To date, there have been a whole bunch of lies entered into the public record in child welfare, which means there are jacked up laws and policies formatted on the books and in the curricula of our institutions of learning.


Here is one as an example:  The Adoption Safe Families Act (ASFA).

In a nutshell, from the time a child is snatched from the home based on the codified statutes of poverty being "abuse and neglect" a parent, typically the mother, has 12 months to bring her situation 200 % above the federal poverty level to care for her children, disabled or not.

ASFA expedited the application of the child welfare legal standard of "guilty until proven innocent, put in a central registry database before there is even a hearing, without entry of plea and charged without legal representation or notice by anonymous, mandatory reporting, while being denied the right to face one's accuser, based upon whatever a child welfare worker (many times without degree or legal training) has generated in court recommendations report for concurrent permanency planning to fast tract adoption, of which is not allowed to be challenged by any party".

There are tiered, 90-day dispositional cycles where the longer a child's case lingers in the courts, there is a direct correlation in the increase of funding of the court process and case management as cost reimbursement levels increase, creating an artificial bottle necking of the courts to hear, and properly adjudicate these cases.

Here is a synoptical overview of ASFA:

The Adoptions and Safe Families Act of 1997 (P.L. 105-89) was signed into law by President Clinton on November 19, 1997. The new law, which amends the 1980 Child Welfare Act (P.L. 96-272), clarifies that the health and safety of children served by child welfare agencies must be their paramount concern and aims to move children in foster care more quickly into permanent homes.
Among the new law’s provisions:
Financial incentives were placed upon the expanded usage of Targeted Case Management, Medicaid billing, by "targeting populations" in poverty, as Title IV-A guidelines were used as criteria for removals of children from"The Poors", more intuitively recognized as women, those who hail from historically economic disparaged populations, and those who are of the darker persuasion through ASFA's precursor, Personal Responsibility Work Opportunities Reauthorization Act (PRWORA) which shifted funding from the social safety net to exponentially fund "lying" to the court for the sole purposes of creating jobs and privatization of human services.

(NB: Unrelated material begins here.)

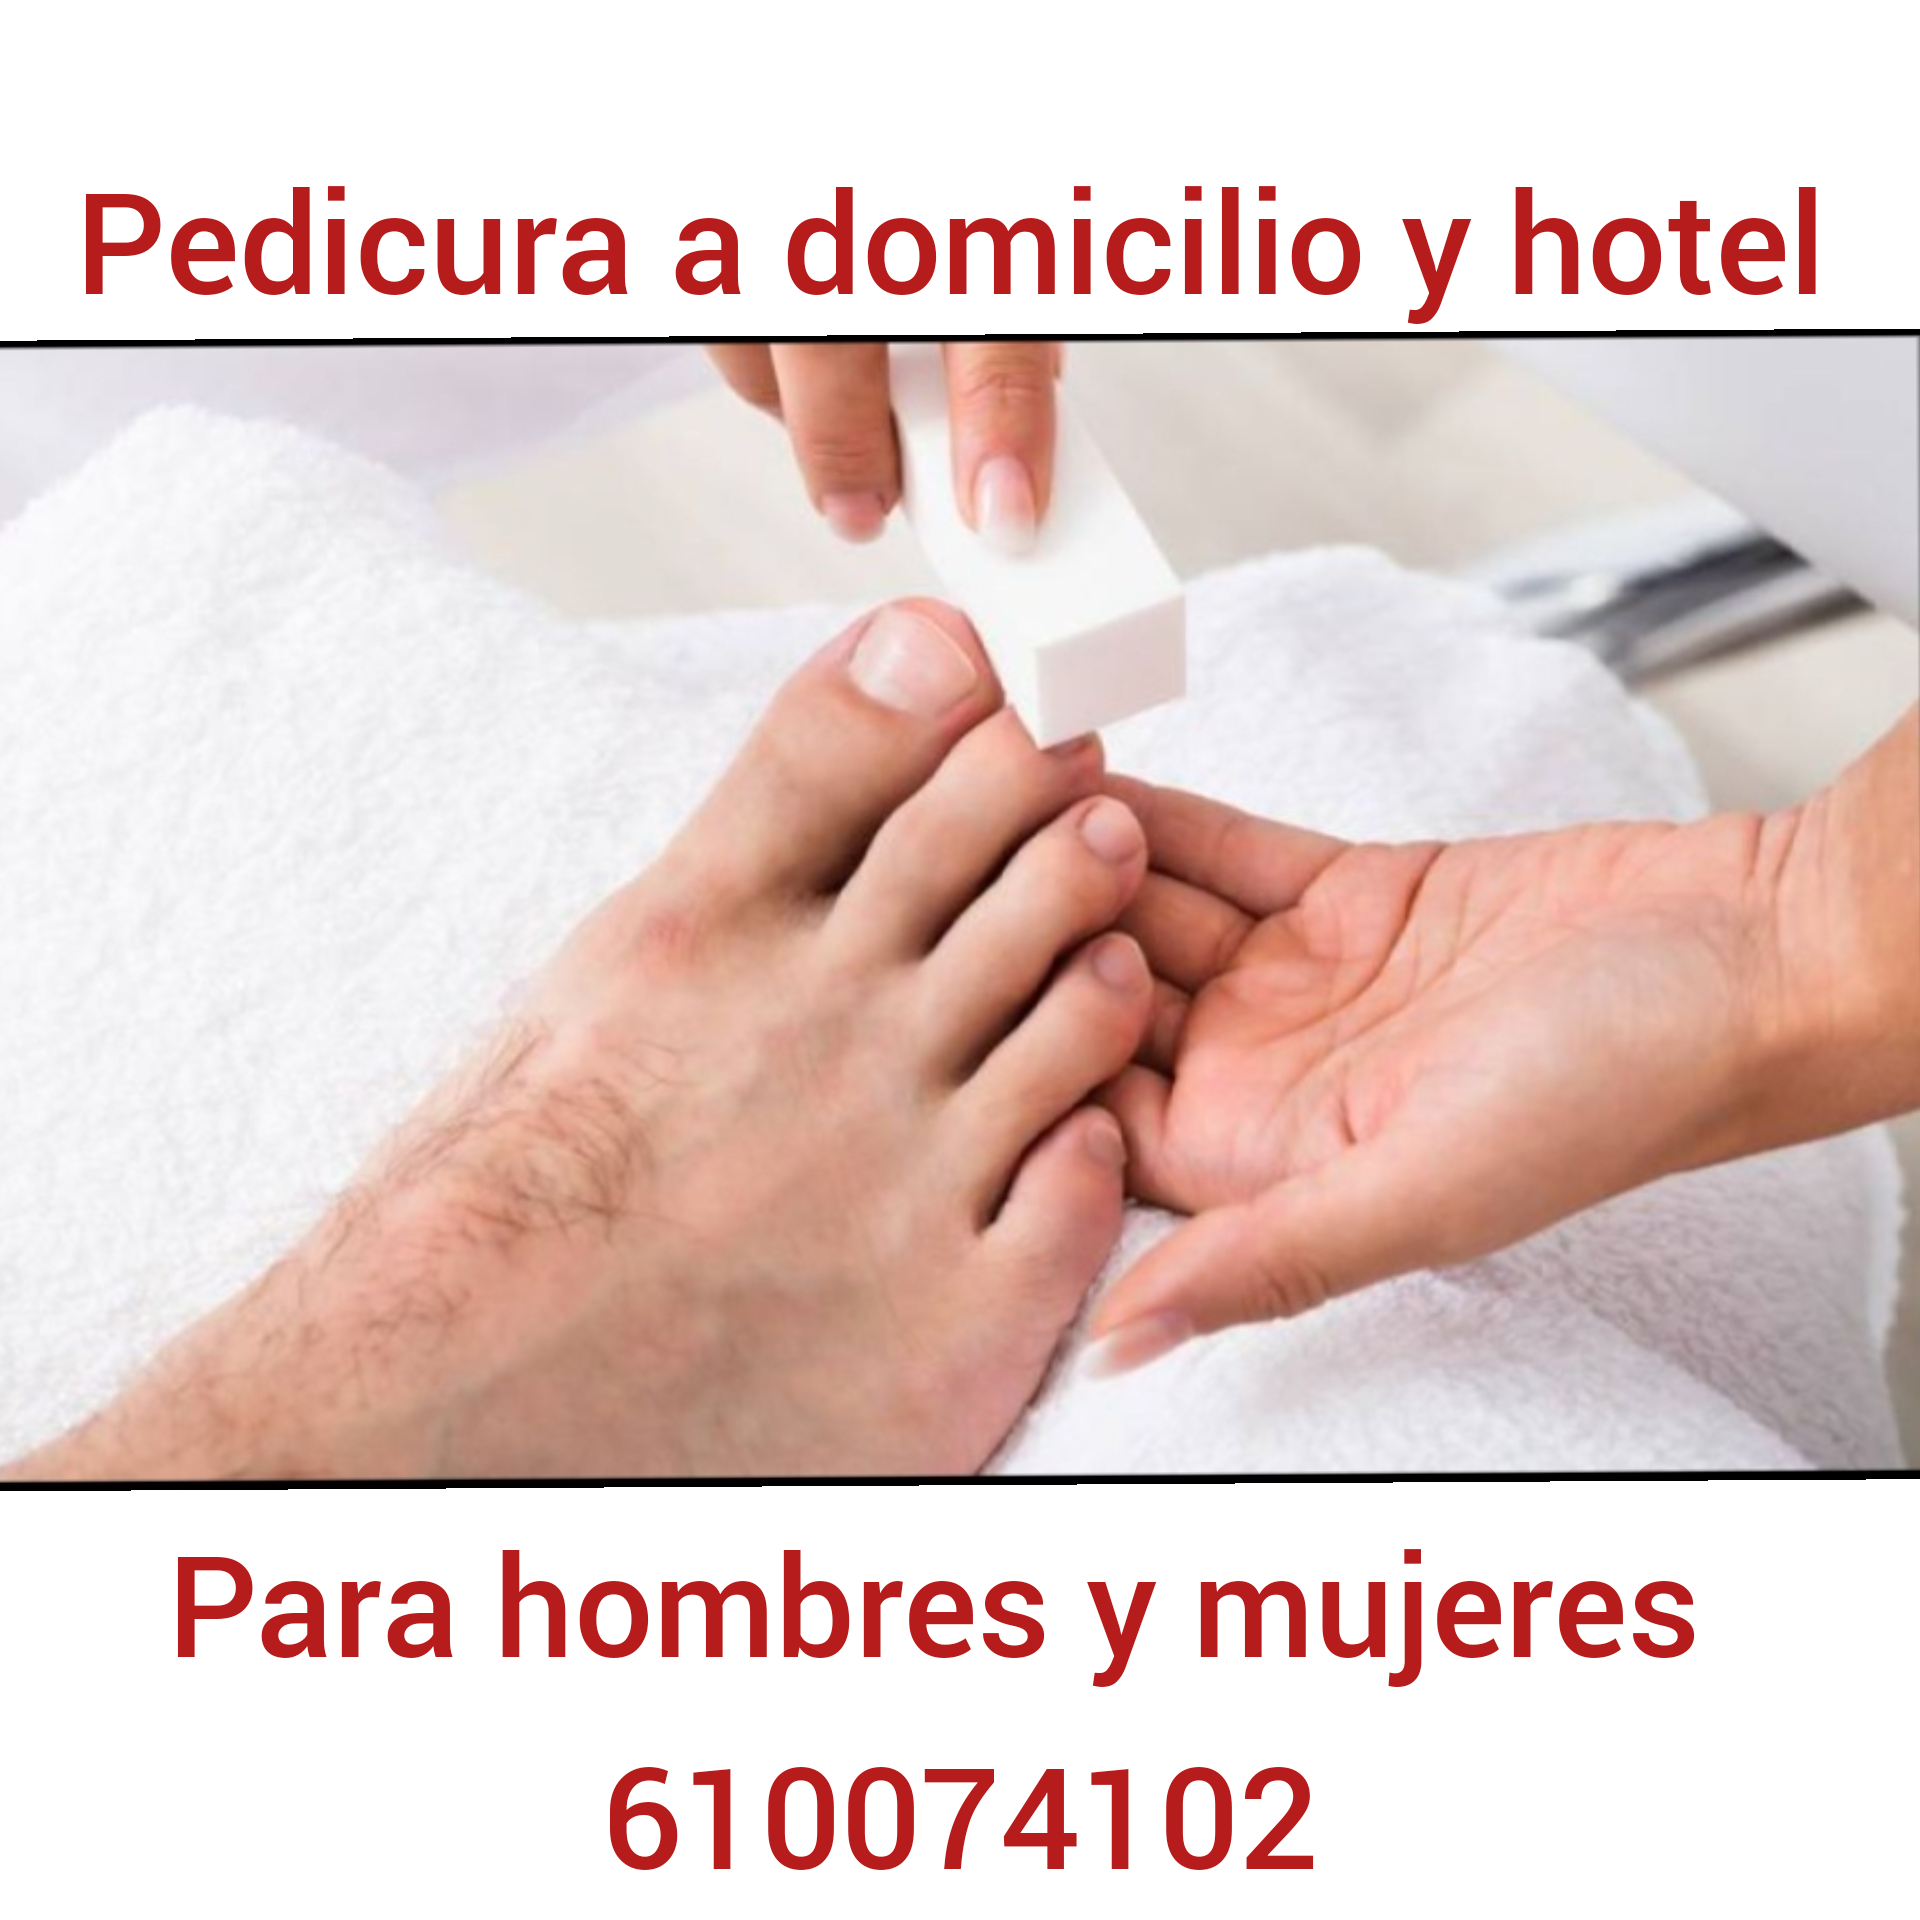 masajistas-terapeuticos madrid Pedicura y masajes domicilio hotel

As the trends continue to privatize, these child welfare organizations are no longer contractual arms of the States, meaning, there are no audits, as these entitities are non-profits, many of them Christian institutions, protected from being considered as breaching the public trust, meaning, they can lie and there is nothing that can be done about it as they are excluded and exempted from public scrutiny.

Then, along with Targeted Case Management Medicaid expansion in child welfare, there were also Title IV-B and IV-E financial incentives to expedite termination of parental rights.

In short, ASFA needs to be repealed and recognized in the annals of history as a racketeering scheme based upon the residuals of the peculiar institution as it is nothing but glorified human trafficking, devoid of any regulation nor oversight; hence the "Right To Lie" case pending before the court.

The Justices in this case must not ignore that "lying" in a court of law is not just perjury, but is a false claim when it deals with defrauding the United States government.

Every elected official, even if your campaigns are funded from child welfare, and members of the legal community need to really stop and look at this case, particularly if the nation is going to elevate discussions of deonotological ethics in governance.